Years ago, I was exploring a City Hall building about to undergo renovation. This was in New Britain, Conn. I was working as a newspaper reporter. Joined by the city property manager, we went to the basement and worked our way through a series of tunnels and small rooms in the circa-1850s building.

In one room was a stockpile of bomb shelter supplies. It included toilet paper, drinking water in cans, and food rations, mostly high protein biscuits.

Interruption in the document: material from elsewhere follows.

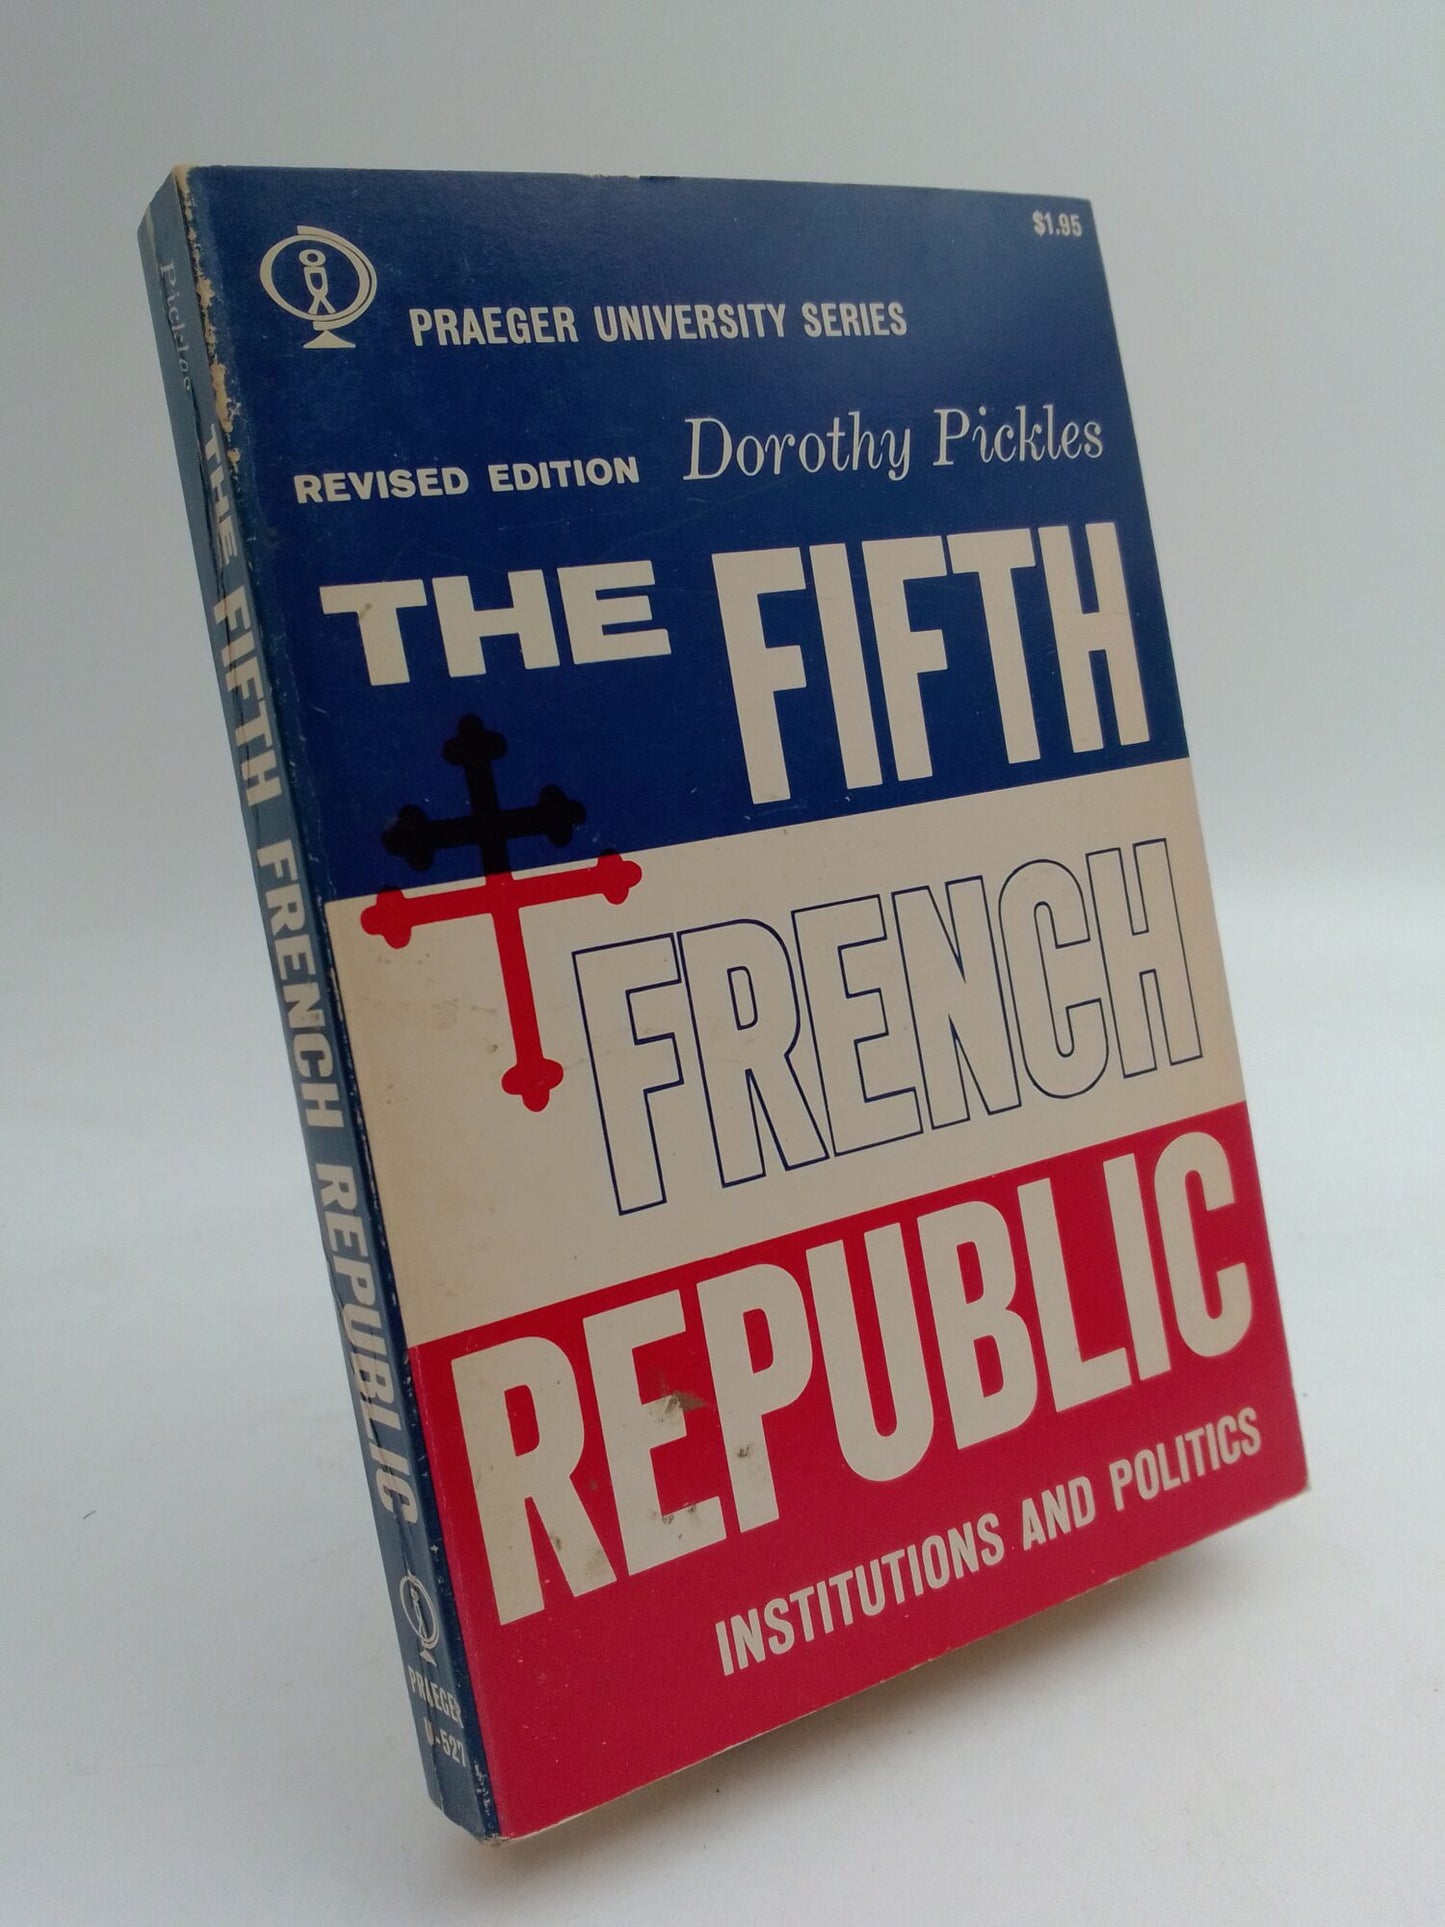 Pickles, Dorothy | The Fifth French Republic : Institutions and politics [revised edition]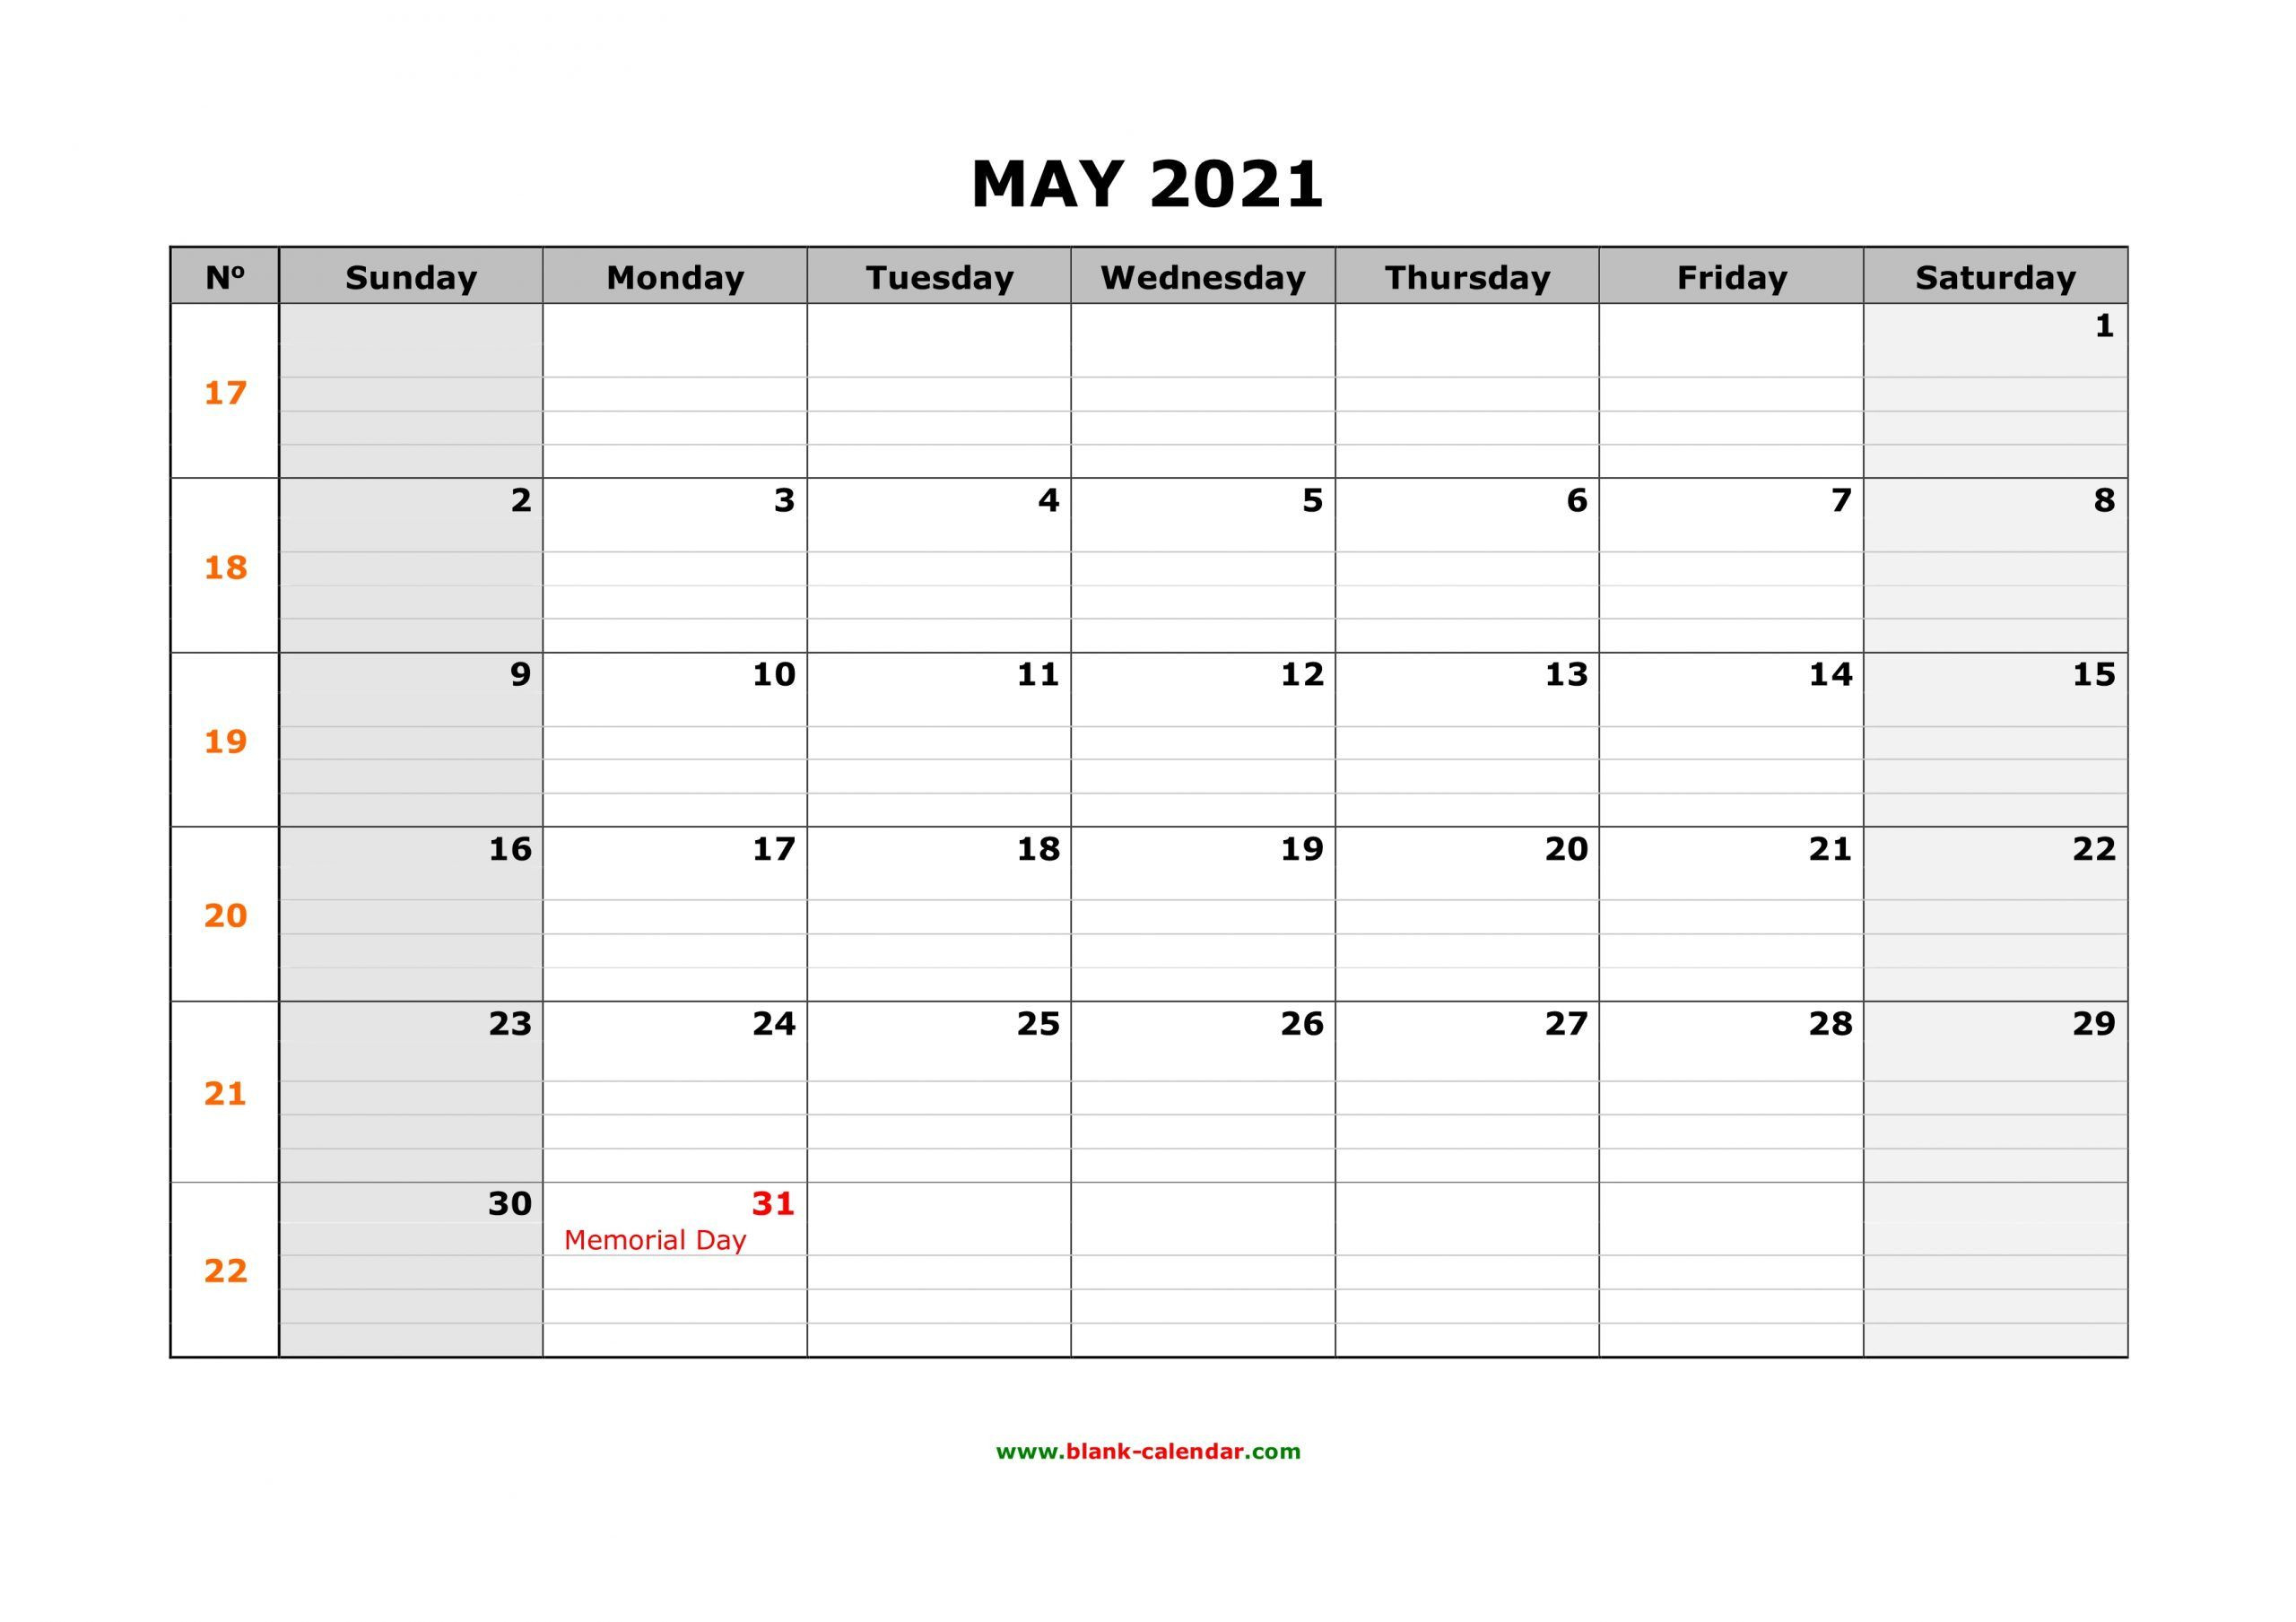 Calendars Printable 2021 Free With Grid Lines | Calendar  Free Printable Calendar With Grid Lines 2022

It was a total time warp.

We really don't think today about nuclear weapons and war the way we did in the 1960s. I was a kid back then, but clearly remember a duck-and-cover drill. In class I daydreamed about a nuclear bomb going off in the distance.

The government no longer prints phamlets about radiation or technical guides for do-it-yourself bomb shelters. But those days may return.

Readers of Eric Schlosser know about the real risk of nuclear near-catastrophe (See his recent World War Three, by Mistake in the New Yorker), as do followers of the Bulletin of the Atomic Scientist, which has moved the Doomsday Clock forward to three minutes to midnight, and that was before Donald Trump won the election. But most people, I suspect, don't pay it much mind.

I haven't thought about the risk of nuclear bombs going off by accident or design in many years. There's too much stress about it, and I'll admit to avoiding the topic altogether. But then Trump Tweeted this:
The idea of expanding our nuclear capability ... and why exactly? It feels as the stress of the 1960s is about to make a return.